Thursday, April 30, 2020

I Quit Running...


...for 30 days. I like running. It has served me well in a lot of ways. I've enjoyed completing many races. I've gotten faster and run longer distances in the past year. But I have also gotten really, really tired. I have an excessive, obsessive personality. I have run a lot, especially up until this last month. I was trying to outrun my stress. Trying to outrun problems. Trying to run to deal with COVID. Just running too much. So when all my spring races got cancelled, I figured it was time to take a break, not from exercise, but from running. So I found myself a 30 day plan and had at it. Here's what happened:

Day 1: I don't like the workout. I feel high anxiety, sadness, grief, and feelings of loss. I realize that it's hard to get to my 10,000 daily steps goal on my FitBit. I'm just as hungry as when I was running and didn't expect it.

Day 2: I am sore. The workout was better. I am less thirsty and less hungry, but feel bloated and swollen.

Day 5: I am getting into this a little more. I find I am less hungry at breakfast, more hungry at lunch, and just as hungry at snack, but I've switched to craving protein than carbs. Walking is getting to be too much. Should I give it up and start coverting workout minutes to steps?

Day 7: Finally! A rest day. I go for a walk and am even more hungry.

Day 8: Legs day. I am less hungry, and my Fit Bit says I've burned a lot less energy for the spite despite moving such a large muscle group. 

Day 9: I feel bloated, weak, and tired. I don't like strength training very much.

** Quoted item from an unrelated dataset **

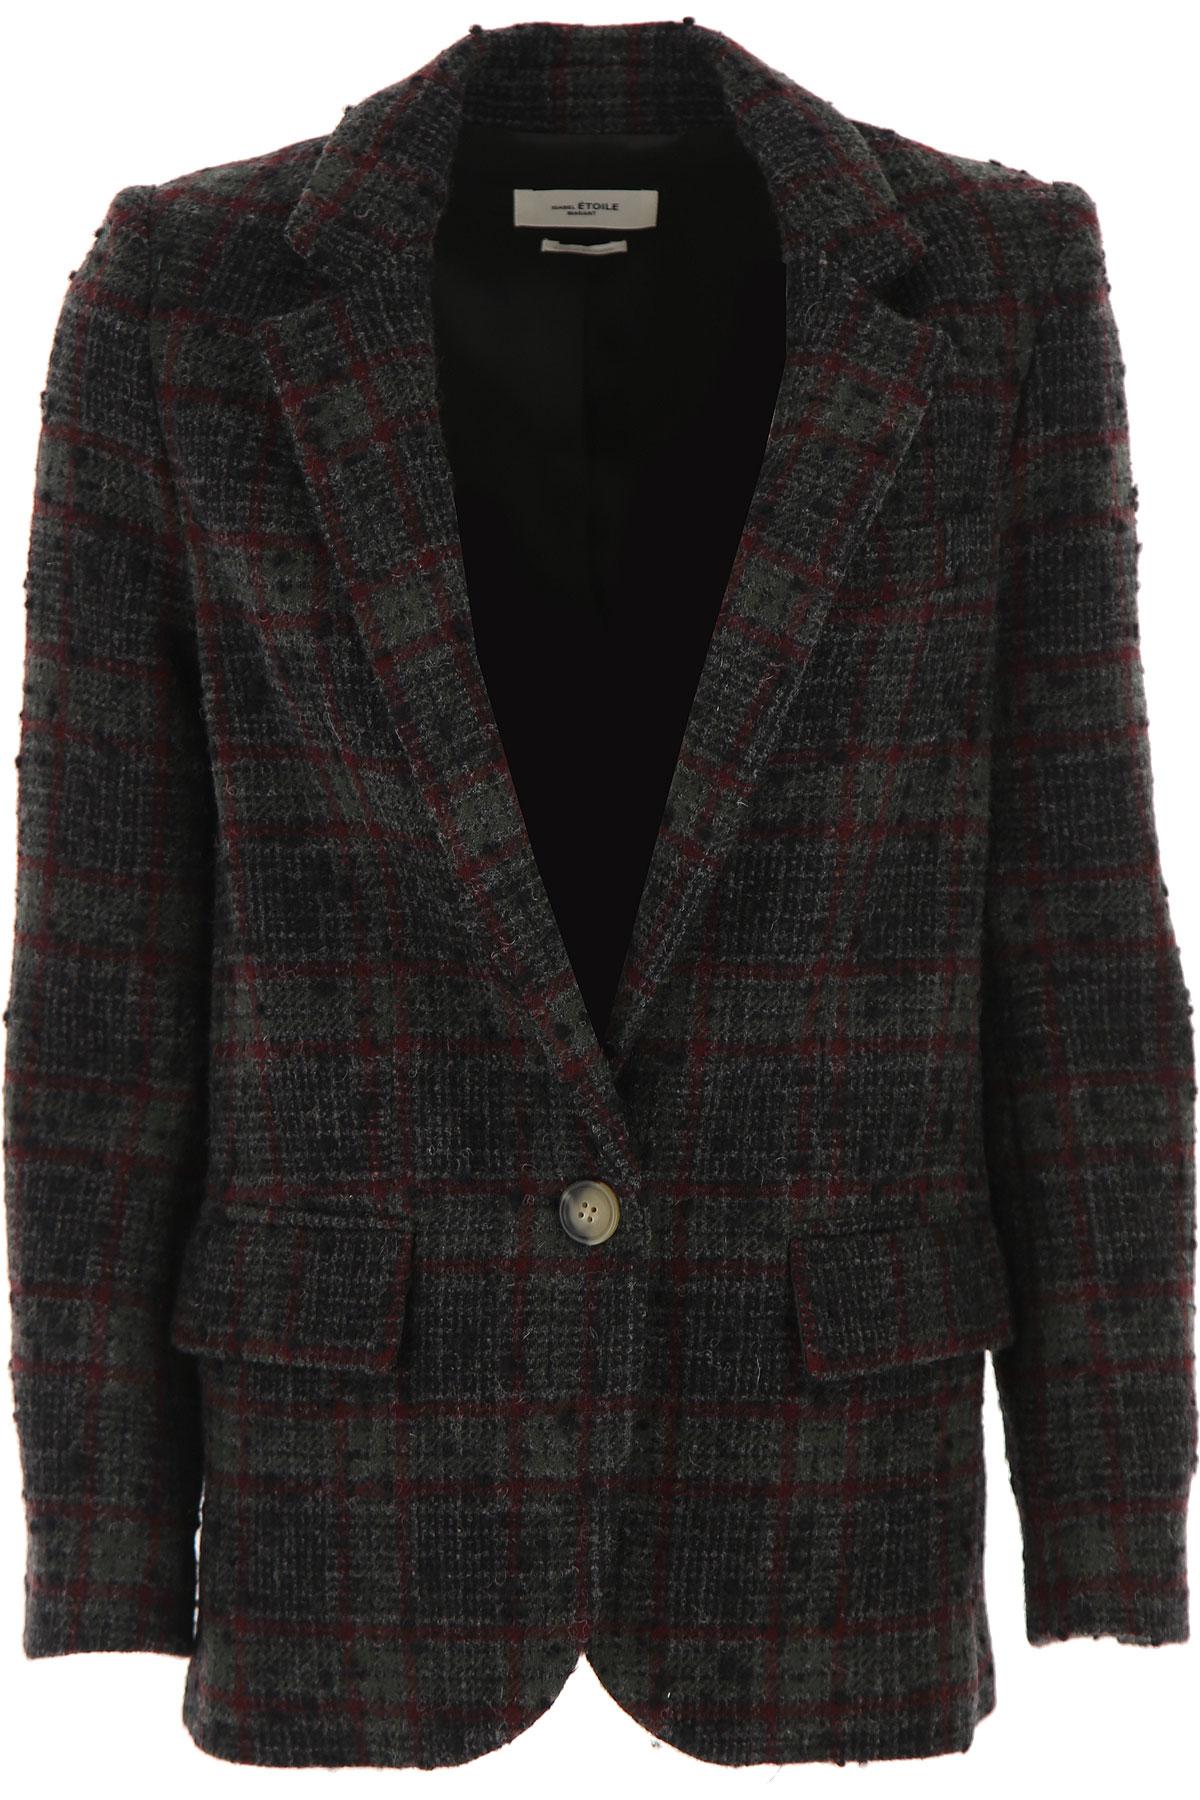 Isabel Marant Blazer for Women On Sale, Dark Grey, Wool, 2019, 4 8

Day 12: Easter. I really miss running. I usually like to celebrate with a run. Not this time.

Day 13: I like workout a little more, but I am also on the move more at work. So which is actually the cause of feeling good tired at the end of the day.

Day 14: I like the workout again. I skip my rest day to have two later? Finish early?

Day 16: I recognize that less hard workout days are good for me. That is one benefit of following a program. I am getting used to this life. I feel less bloated. My body feels more toned. I am only a little sore. I am figuring out ways to get my steps in most days.

Day 19: I complain about feeling tired. My husband notes that I seemed less tired when I was running. He suggests I go back to it. I tell him I'm waiting it out.

Day 24: Total body pyramid again. I hate pyramid workouts. Or do I? But I feel stronger than I remembered feeling the last time. I am using 10 pound weights for the most part now.

Day 25: I take a rest day to hike. I hike nearly seven miles despite not having even walked more than three miles in a row for many days. I am slightly surprised. My body can still do this!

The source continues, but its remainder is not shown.